There was talk once about building a multi-story parking garage on the beach. The plans came to naught. Turns out it couldn't be built between the end of one season and the beginning of the next. So that idea was dropped. Recently, someone actually suggested the installation of traffic circles/roundabouts as a way of smoothing the flow of traffic. Traffic circles! The idiots around here can barely navigate a conventional intersection much less one where the rights of way are not clear. Then there are the pedestrians – so many pedestrians!...yet the county will not build crossover bridges to get the people off the roads.

Local governments are horrible at actually solving problems. They'd rather just “kick the can down the road.” Which is what they've done here. The summer traffic problems on Pensacola Beach will not get better on their own. A passenger ferry service will do precious little to help alleviate the overcrowding.

But they can dream!

You can read the story in our local newspaper HERE

https://www.pnj.com/story/news/local/pensacola/beaches/2018/05/09/pensacola-bay-ferry-service-track-start-june-15-says-operator/592403002/

2 comments:

Ed said...

"It cannot run at a loss."

In my experience, anything built and run by a government, be it national or local can run at a loss for huge periods of time, even forever, under the guise of it is a public necessity. I have lived in two different towns now that have built large public civic centers and in one town a water park all saying they would bring much needed revenue to the area. In all three cases, none of them have turned a profit in the last 25 years and yet they are still here. That happens because governments have unlimited wealth, i.e. taxpayer pockets.

Bob Barbanes: said...

Yes Ed, we have such a civic center here in Pensacola, too. But with the ferry service, although the boats were purchased with BP money, they are supposedly a private operation. I'm not exactly sure who owns the boats, but I suspect that it *is* the City of Pensacola and that the service *will* receive government subsidies as it runs at a loss.

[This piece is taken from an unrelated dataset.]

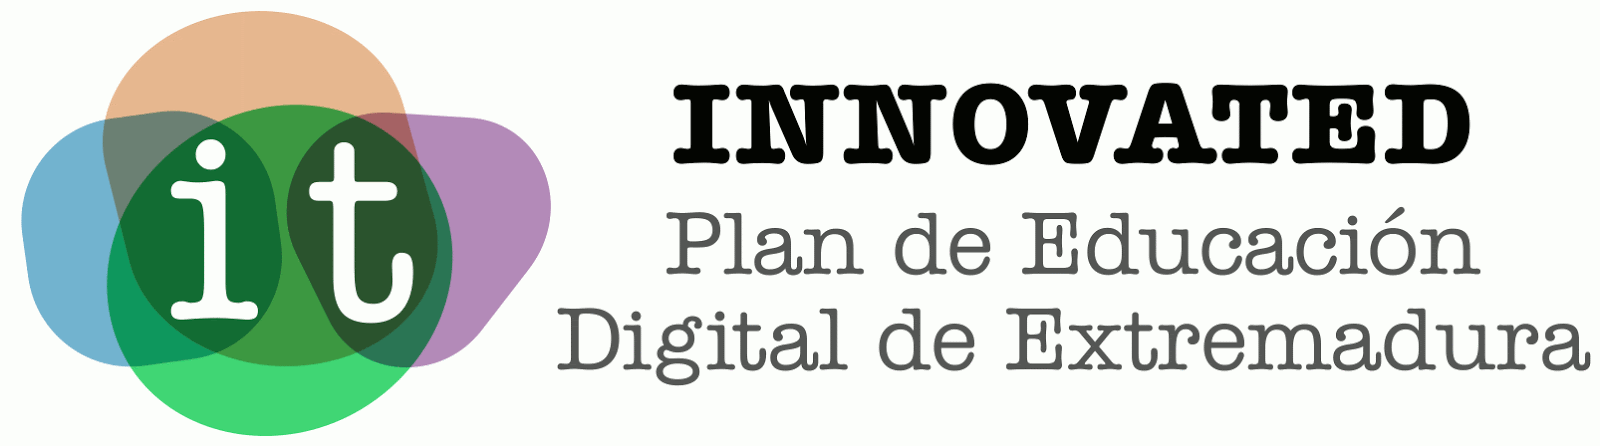 INNOVATED Plan de Educación Digital de Extremadura

It will be interesting to see the ridership levels, if they're even published (which I doubt). I'm sure the first week will see high numbers as the curious come out to experience the new service. But both of the terminals at the beach are a long walk from the actual beach itself. Therefore, anyone carrying a cooler and all the accouterments one normally brings to the beach will have a hard time getting to their place on the sand. We shall see how it all works out.